Kamran Bokhari, an analyst at the private intelligence company Stratfor, said Akhtar’s impact was likely to be incremental. “We overrate the importance of individual ISI chiefs, but ultimately he is part of a trajectory where the army does not want to directly govern Pakistan, even if it still wants to rule from behind the scenes,” he said. 

“And the enthusiasm for developing non-state militant actors as instruments of foreign policy has gone because it has blown up in their faces.” 

The ongoing relationship with groups such as the Haqqani network, Bokhari believes, is simply the ISI’s way of managing a group it is unwilling to pick a fight with. 

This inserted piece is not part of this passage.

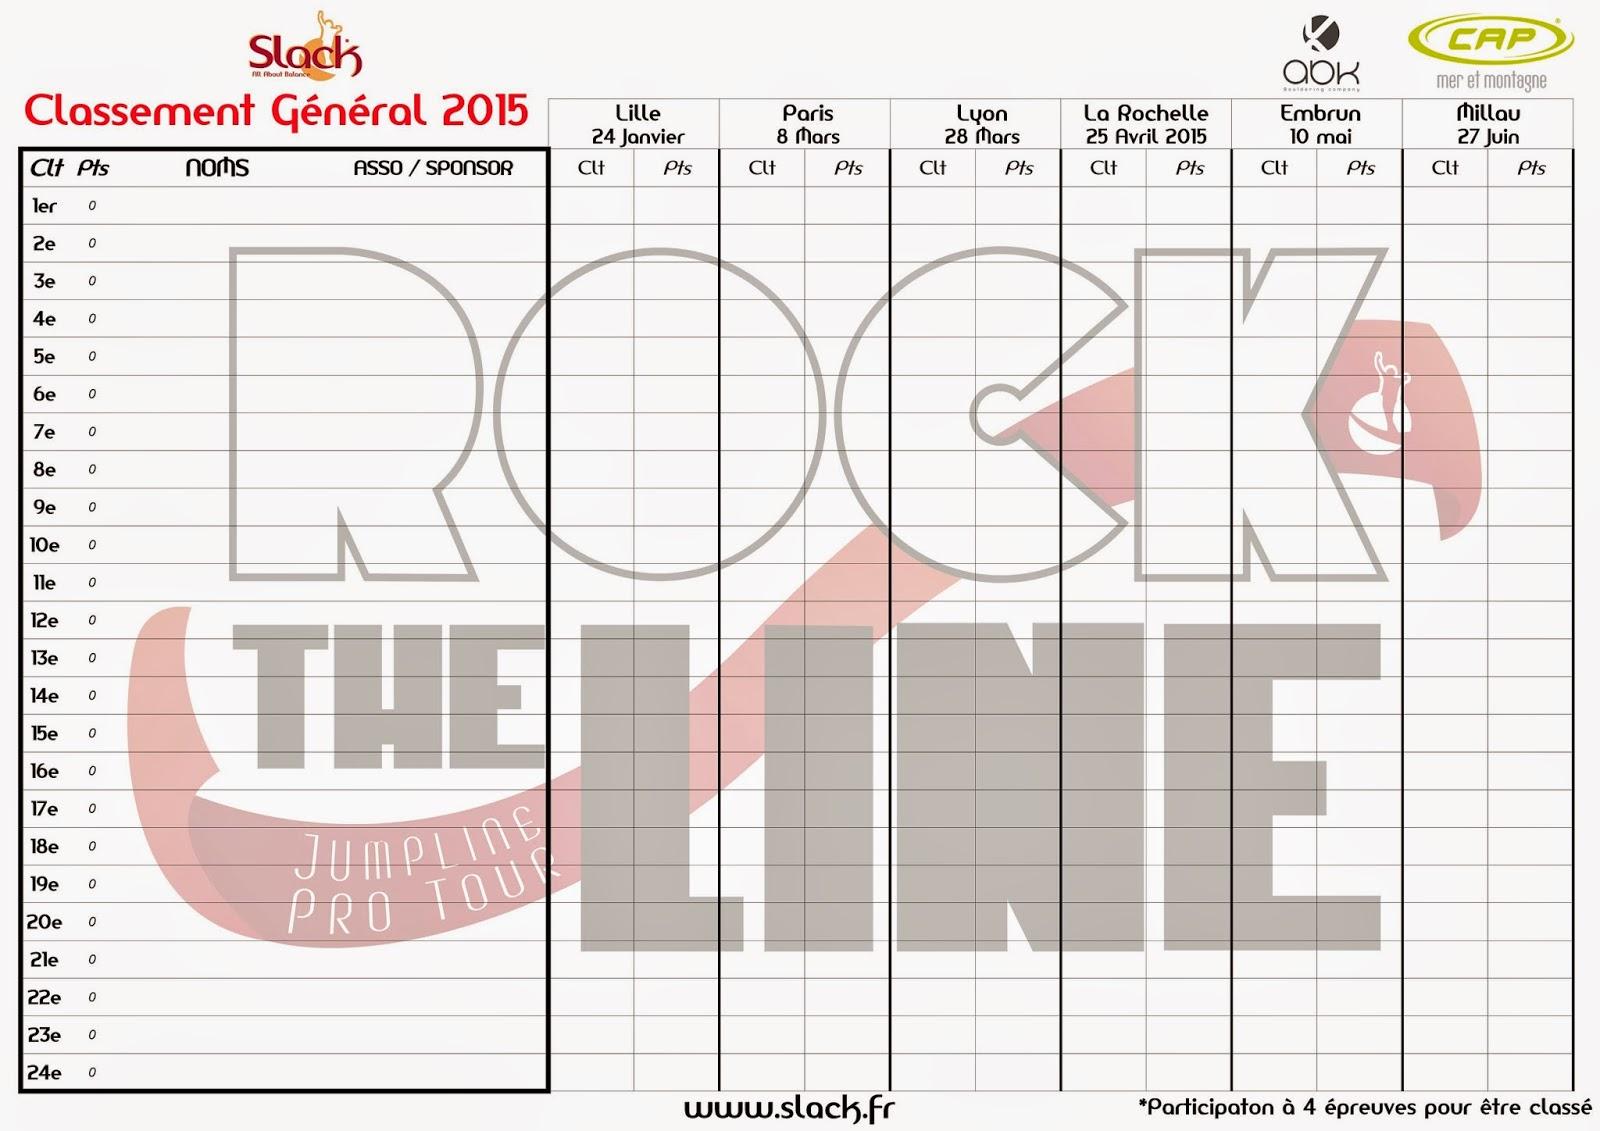 Rock The Line, Jumpline Pro Tour 2015

The immediate hope for the government is that the new ISI chief will dispel the widespread belief that it has tried to undermine Nawaz Sharif, the embattled prime minister, who has been weakened by street protests in the capital led by opposition politician Imran Khan and Tahir-ul-Qadri, a cleric with a committed following. 

Javed Hashmi, the former president of Khan’s Pakistan Tehreek-e-Insaf (PTI) party, accused the former cricketer of attempting to topple Sharif’s government under the direction of ISI spies. 

Sharif’s relationship with the ISI soured dramatically this year when Geo News, the country’s most popular television station, accused the incumbent director general, Zaheer-ul-Islam, of attempting to kill its star journalist during an April shootout in Karachi

The government chose not to challenge the unprecedented public attack on the ISI and Sharif even made a point of rushing to the bedside of the wounded journalist. 

Back in 2008, Akhtar wrote that “the role of the military should be limited to ensuring the nation’s security from external threats”. Sharif can only hope that he meant it.